リサーチ・アンド・イノベーションの浜田(hamadu)と申します。 いつものお買い物がちょっとお得に、家計簿にもなるポイントアプリ「CODE」のサーバサイド、およびAndroidアプリの開発を担当しています。

CODE ではバックグラウンドジョブシステムとして、Sidekiq を採用しています。その作者、Mike Perham 氏が新しい仕組みを作っていました。その名も Faktory。Sidekiq と違いワーカーが言語に依存せず、また本体はGoで書かれているためスケールするのがウリのようです。まだまだ開発中で、プロダクションで使うには厳しい印象を受けますが、今後Sidekiqを置き換えうるプロジェクトになるのではと思います。

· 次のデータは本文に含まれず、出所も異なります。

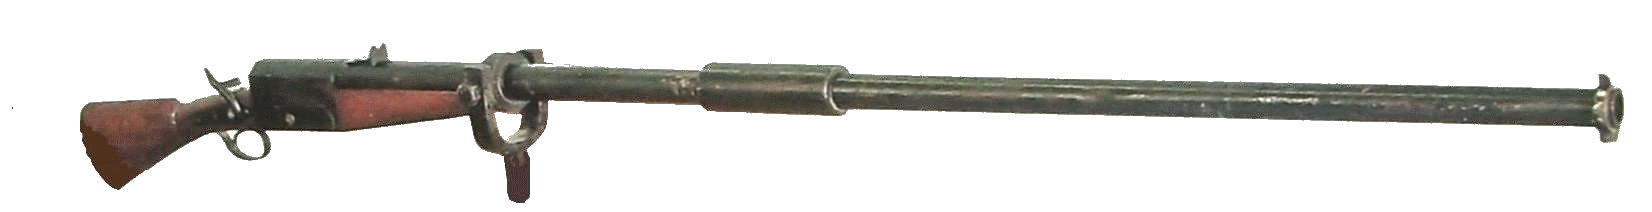 Уточница, хранящаяся в музее Ижмаша (калибр 32 мм, длина общая 2650 мм, длина ствола 2100 мм, масса, кг 38)
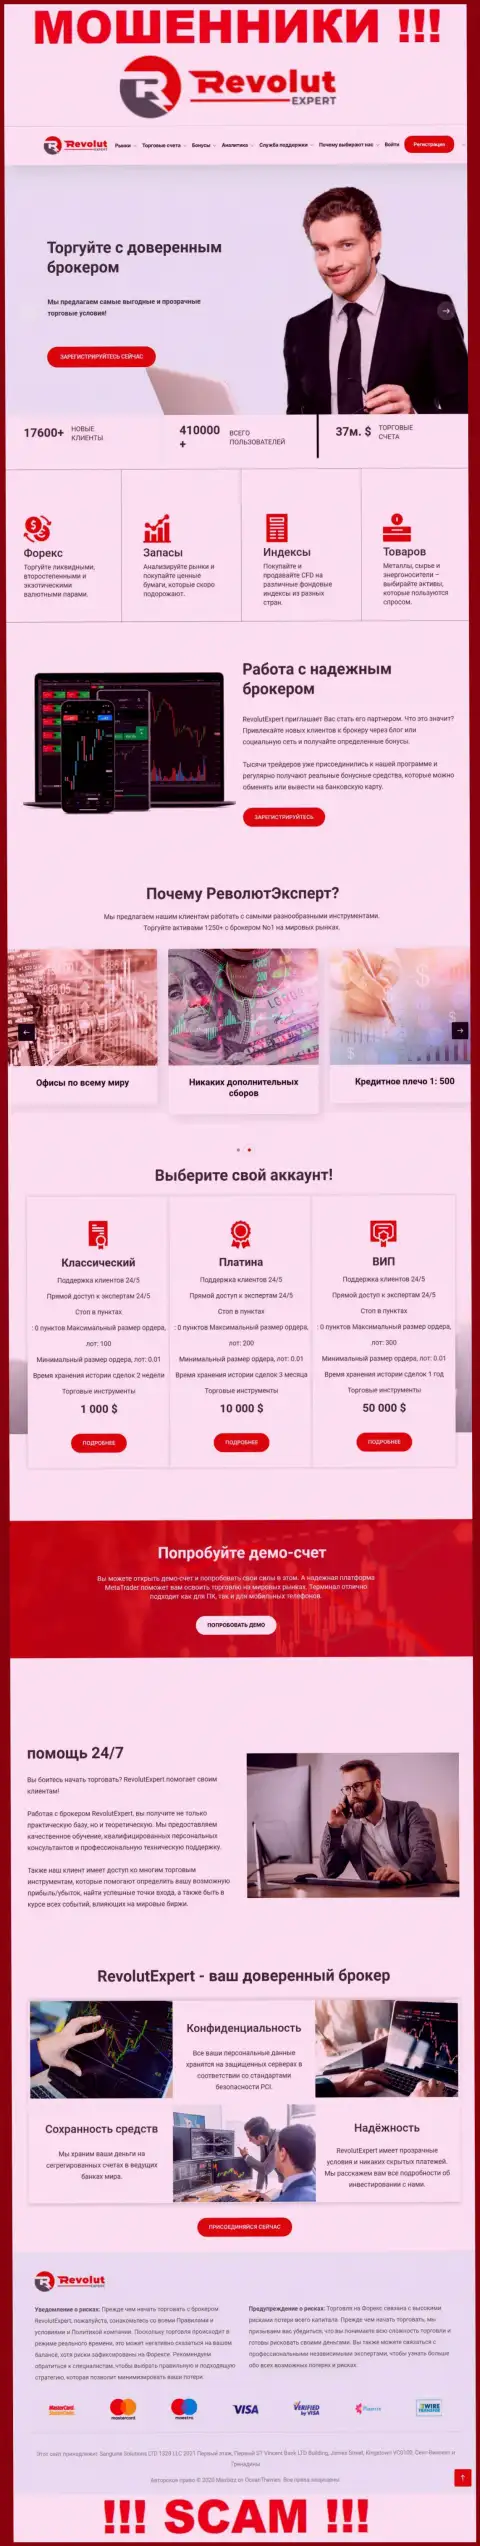 Внешний вид официального сайта жульнической компании Сангин Солюшинс ЛТД

本稿では簡単に仕組みの紹介をして、Rubyでジョブを投げるClientと、ジョブを処理するワーカーをそれぞれ実装してみました。 ソースコードfaktory-ruby-sample にあります。「御託はいいから試したい」という人は README.md に従って手を動してみてください。

仕組み

一般にバックグラウンドジョブシステムは非同期に処理したいお仕事(本稿では ジョブ と表記)を受け付けて管理するサーバと、それらを処理するワーカーから構成されています。ワーカーは一般に複数あり、並列で仕事ができるようになっています。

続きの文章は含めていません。